The omnivoice/realtime package provides native voice-to-voice capabilities via the OpenAI Realtime API.

Overview

OpenAI Realtime API enables:

  • Ultra-low latency - ~100ms voice-to-voice response time
  • Native audio - No separate STT/TTS, model handles audio directly
  • Function calling - Execute tools during conversation
  • Turn detection - Automatic voice activity detection (VAD)

Quick Start

import (
    "context"
    "os"

    "github.com/plexusone/omni-openai/omnivoice/realtime"
)

func main() {
    ctx := context.Background()

    // Create provider
    provider := realtime.NewProvider(os.Getenv("OPENAI_API_KEY"),
        realtime.WithVoice("alloy"),
        realtime.WithInstructions("You are a helpful assistant."),
    )

    // Create audio input channel
    audioIn := make(chan []byte, 100)

    // Start streaming
    audioCh, transcriptCh, err := provider.ProcessAudioStream(ctx, audioIn, realtime.ProcessConfig{})
    if err != nil {
        log.Fatal(err)
    }

    // Send audio from microphone (PCM16 24kHz mono)
    go streamMicrophoneAudio(audioIn)

    // Process responses
    for {
        select {
        case audio, ok := <-audioCh:
            if !ok {
                return
            }
            if len(audio.Audio) > 0 {
                playAudio(audio.Audio) // PCM16 24kHz mono
            }
            if audio.IsFinal {
                log.Println("Turn complete")
            }

        case transcript, ok := <-transcriptCh:
            if !ok {
                return
            }
            if transcript.IsInput {
                log.Printf("User: %s", transcript.Text)
            } else {
                log.Printf("Assistant: %s", transcript.Text)
            }
        }
    }
}

Registry Integration

Added in v0.4.0

Use the omnivoice-core registry for automatic provider discovery:

import (
    omnivoice "github.com/plexusone/omnivoice-core"
    "github.com/plexusone/omnivoice-core/registry"
    _ "github.com/plexusone/omni-openai/omnivoice/realtime" // Auto-register
)

// Get realtime provider via registry
provider, err := omnivoice.GetRealtimeProvider("openai",
    registry.WithAPIKey(os.Getenv("OPENAI_API_KEY")),
    registry.WithModel("gpt-4o-realtime-preview-2024-12-17"),
    registry.WithVoice("alloy"),
    registry.WithInstructions("You are a helpful assistant."),
)
if err != nil {
    log.Fatal(err)
}

// Process audio streams
audioCh, transcriptCh, err := provider.ProcessAudioStream(ctx, audioIn, nil)

Type-Safe Registry Options

Provider-specific options for OpenAI Realtime configuration:

import "github.com/plexusone/omni-openai/omnivoice/realtime"

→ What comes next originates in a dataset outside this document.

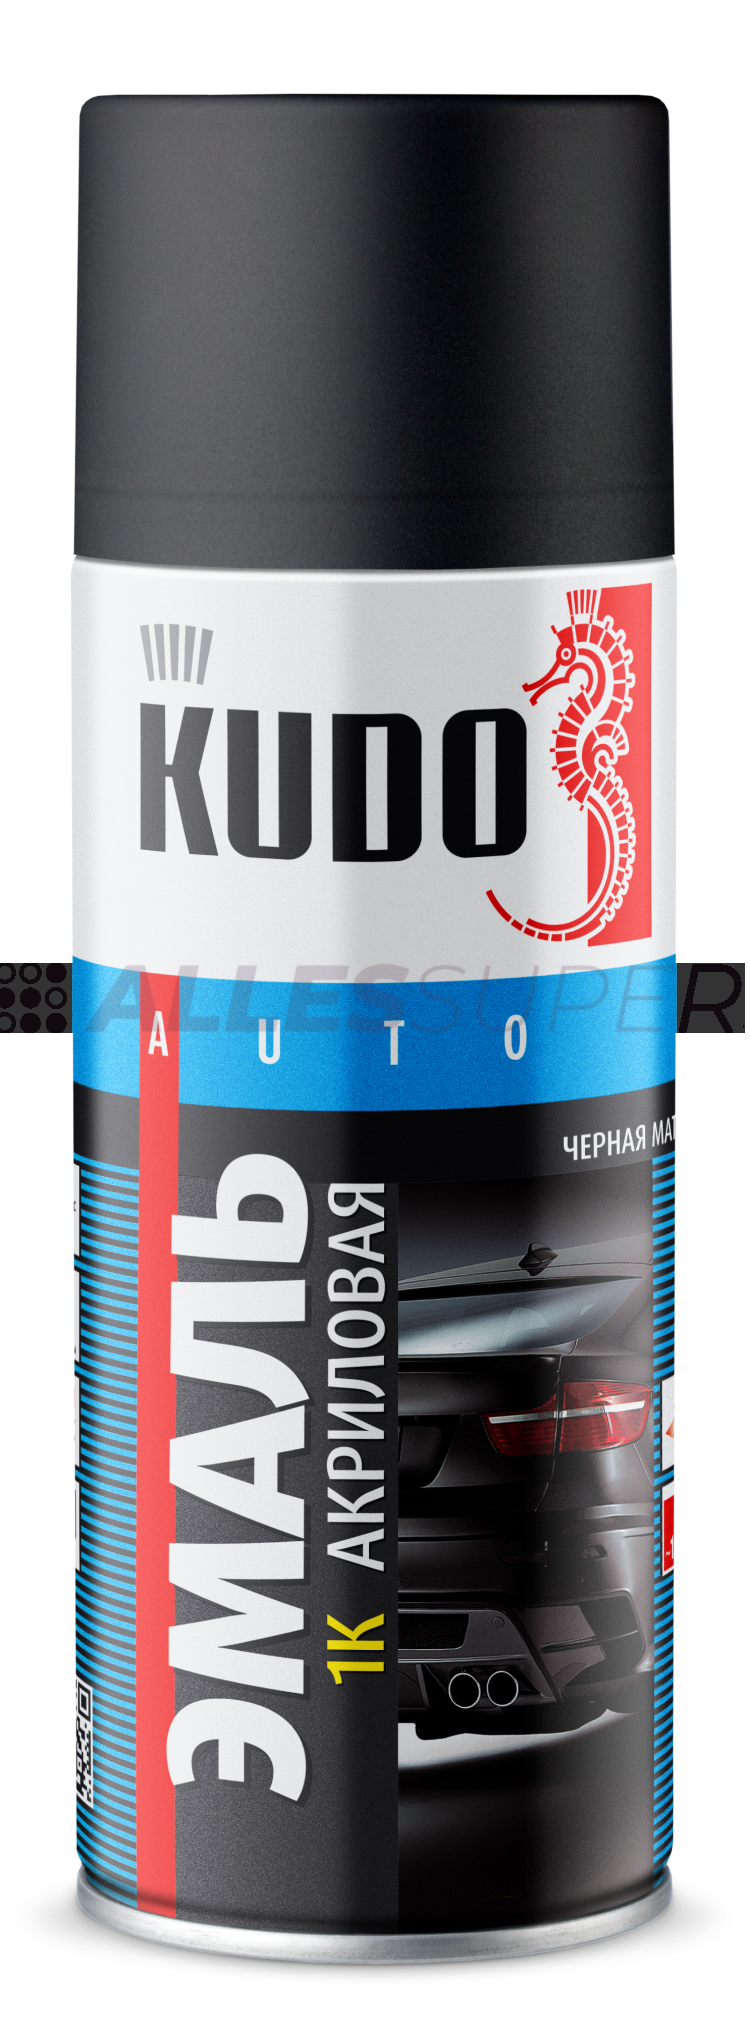 Kudo эмаль черная матовая. Эмаль для дисков Kudo 520. Алюминий эмаль для дисков 520мл ku-5201 Kudo. Черная эмаль для дисков 520мл ku-5203 Kudo. Эмаль д/дисков черная Kudo ku-5203.

provider, err := omnivoice.GetRealtimeProvider("openai",
    registry.WithAPIKey(os.Getenv("OPENAI_API_KEY")),
    // Type-safe OpenAI-specific options
    realtime.WithRegistryTools(tools),
    realtime.WithRegistryTurnDetection(turnDetectionConfig),
    realtime.WithRegistryInputAudioFormat("pcm16"),
    realtime.WithRegistryOutputAudioFormat("pcm16"),
    realtime.WithRegistryModalities([]string{"text", "audio"}),
    realtime.WithRegistryTemperature(0.8),
    realtime.WithRegistryMaxResponseOutputTokens(4096),
)

Accessing Underlying Provider

Access the underlying OpenAI provider for full API access:

wrapper := provider.(*realtime.RealtimeWrapper)
openaiProvider := wrapper.Provider()

// Use OpenAI-specific methods

Configuration

Provider Options

provider := realtime.NewProvider(apiKey,
    // Voice selection
    realtime.WithVoice("nova"),

    // System instructions
    realtime.WithInstructions("You are a customer service agent."),

    // Model selection (default: gpt-4o-realtime-preview)
    realtime.WithModel("gpt-4o-realtime-preview-2024-12-17"),

    // Response modalities
    realtime.WithModalities("text", "audio"),

    // Turn detection mode
    realtime.WithTurnDetection(realtime.TurnDetectionServerVAD),

    // Function tools
    realtime.WithTools(
        realtime.Tool{
            Type: "function",
            Name: "get_weather",
            Description: "Get current weather",
            Parameters: map[string]any{
                "type": "object",
                "properties": map[string]any{
                    "location": map[string]any{"type": "string"},
                },
            },
        },
    ),
)

Available Voices

Voice Description
alloy Neutral, balanced
ash Warm, engaging
ballad Melodic, expressive
coral Clear, articulate
echo Smooth, natural
fable Storytelling, dramatic
nova Bright, energetic
onyx Deep, resonant
sage Calm, wise
shimmer Light, cheerful
verse Poetic, rhythmic

Audio Format

Input Audio

  • Format: PCM16 (signed 16-bit little-endian)
  • Sample Rate: 24kHz
  • Channels: Mono
  • Chunk Size: Recommended 20-100ms chunks

Output Audio

  • Format: PCM16 (signed 16-bit little-endian)
  • Sample Rate: 24kHz
  • Channels: Mono

Function Calling

Handle function calls during the conversation:

config := realtime.ProcessConfig{
    Tools: []realtime.Tool{
        {
            Type:        "function",
            Name:        "lookup_order",
            Description: "Look up an order by ID",
            Parameters: map[string]any{
                "type": "object",
                "properties": map[string]any{
                    "order_id": map[string]any{"type": "string"},
                },
                "required": []string{"order_id"},
            },
        },
    },
    OnFunctionCall: func(name, arguments string) (string, error) {
        switch name {
        case "lookup_order":
            var args struct {
                OrderID string `json:"order_id"`
            }
            json.Unmarshal([]byte(arguments), &args)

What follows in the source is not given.